Burada Türkiye Finansal Raporlama Standartları (TFRS) 3’ün “Muhasebeleştirme koşulları” bölümündeki 13 no.lu paragrafa göre;

” Edinen işletmenin muhasebeleştirme prensibini ve koşullarını uygulaması, edinilen işletmenin daha önce kendi finansal tablolarında varlık ve borç olarak muhasebeleştirmediği bazı varlık ve borçların muhasebeleştirilmesine neden olabilir. Örneğin edinen işletme, edinilen işletmenin içsel olarak geliştirdiği ve ilgili maliyetleri giderleştirdiği için finansal tablolarında varlık olarak muhasebeleştirmediği marka ismi, patent veya müşteri ilişkileri gibi edinilen tanımlanabilir maddi olmayan duran varlıkları muhasebeleştirir.”

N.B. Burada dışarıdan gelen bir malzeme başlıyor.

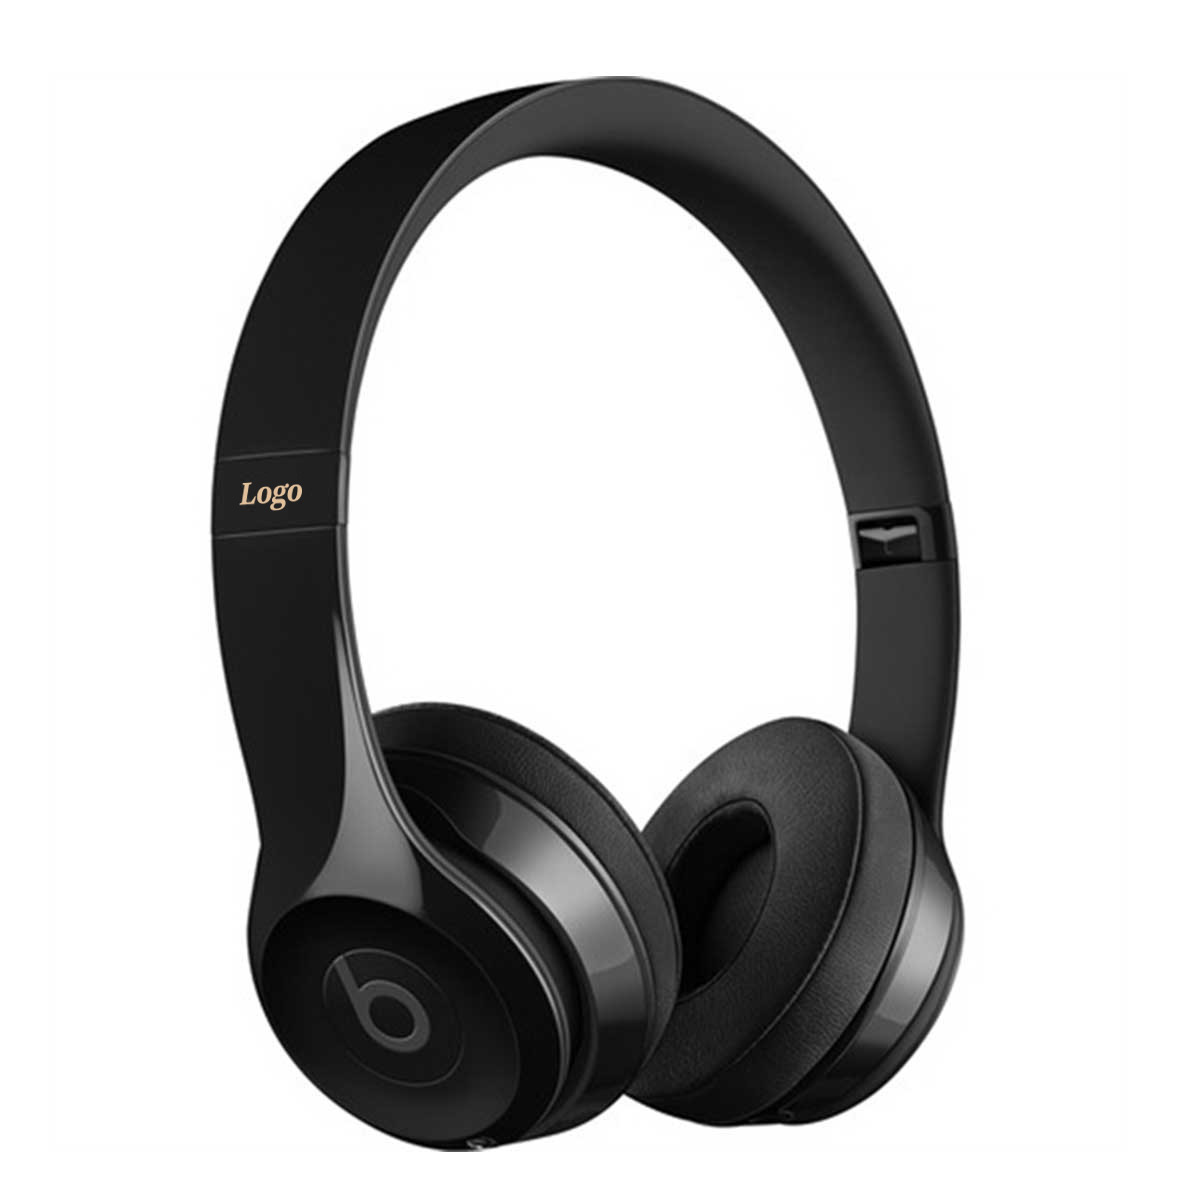 165509 solo3 wireless headphones one color imprint one location

Bir başka ifadeyle, bir maddi olmayan duran varlık olan marka, satın alma ve/veya birleşme yoluyla devralma şeklinde elde edilirse bilançoya alınabilir.

Bilanço dipnotunda bilgi verilebilir mi?

İşletmelerde sahip oldukları markalar yıllar içinde oluşmakta ve bu sahip olma/marka oluşturma olgusu içinde birçok gider gerçekleşmektedir. Bu harcamalar gider olarak muhasebeleşmektedir.

Bu çerçeveden baktığımızda işletme içinde yaratılan marka değeri bilanço üstü/dışı bir değer olarak ortaya çıkmaktadır.

Ancak işletme içinde, işletme dışında bilgi kullanıcıları işletmenin marka değerini bilmek isterler. Bilançolara alınamayan işletmenin kendi içinde yarattığı marka değeri mevcut marka değerleme yöntemleriyle belirlenerek bilanço dipnotlarında gösterilmesi gerek bilgi kullanıcıları gerekse işletme yönetimi açısından faydalı olur.

Yabancı firmalarla bir ortaklık yada yatırım düşünüldüğünde ilk bakılacak teknik değerlemeden birside bu “marka değeridir”.

Çünkü işletmenin “marka değerinin” finansal durumunun önemli bir parçası olduğu işletmenin bir karne notudur.